What I have to come and realize that so much of my own childhood experiences played such a big role in how I related and disciplined and reacted with my daughter. I in a few session and after reading the book CoDependent No More. I am I am and have been very much CoDependent. I guess my experience growing up in a family with alcohol issues marrying an alcoholic which I have divorced from when my daughter was very young. I have and always was the Peacekeeper the Caretaker the fixer yet I realized I couldn't fix anything or anyone. I truly had no boundaries.

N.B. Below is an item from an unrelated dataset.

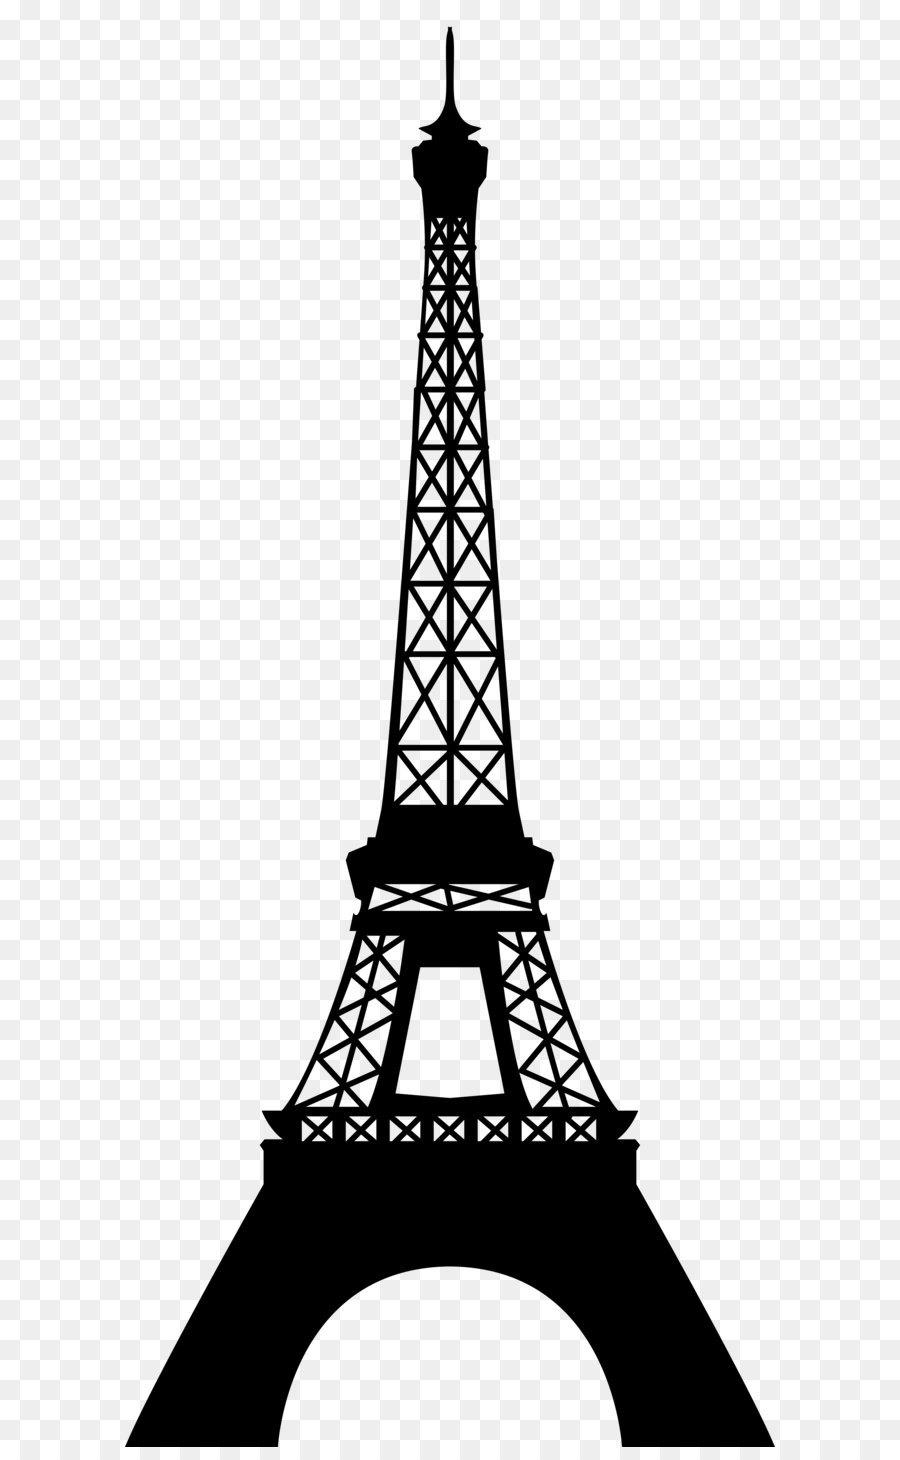 eiffel tower clip art eiffel tower silhouette transparent png clip rh kisspng com eiffel tower clipart png eiffel tower clip art black and white

I have began to feel so much freer and less guilty about saying no speaking up and not allowing other people to use and abuse me. I have definitely played an active role in the game of drama and life around me. for the first time I am doing the work on me. I am no longer losing sleep over issues I can not change I am fixing myself. I have been and extremely loving mother who took a lot. I also have a great husband although I realize I allowed his unhealthy form of communication make me also dance.

I decided to look at everyone in my life told them I will no longer do the dance if they didn't want to live and communicate in a mentally healthy way I will no longer allow them to effect me emotionally mentally or physically.

OMG setting those boundaries feel great I have gotten some of the best sleep in a long time.  And what changes I am starting to see from the people around me that have made me crazy or should I say I allowed to!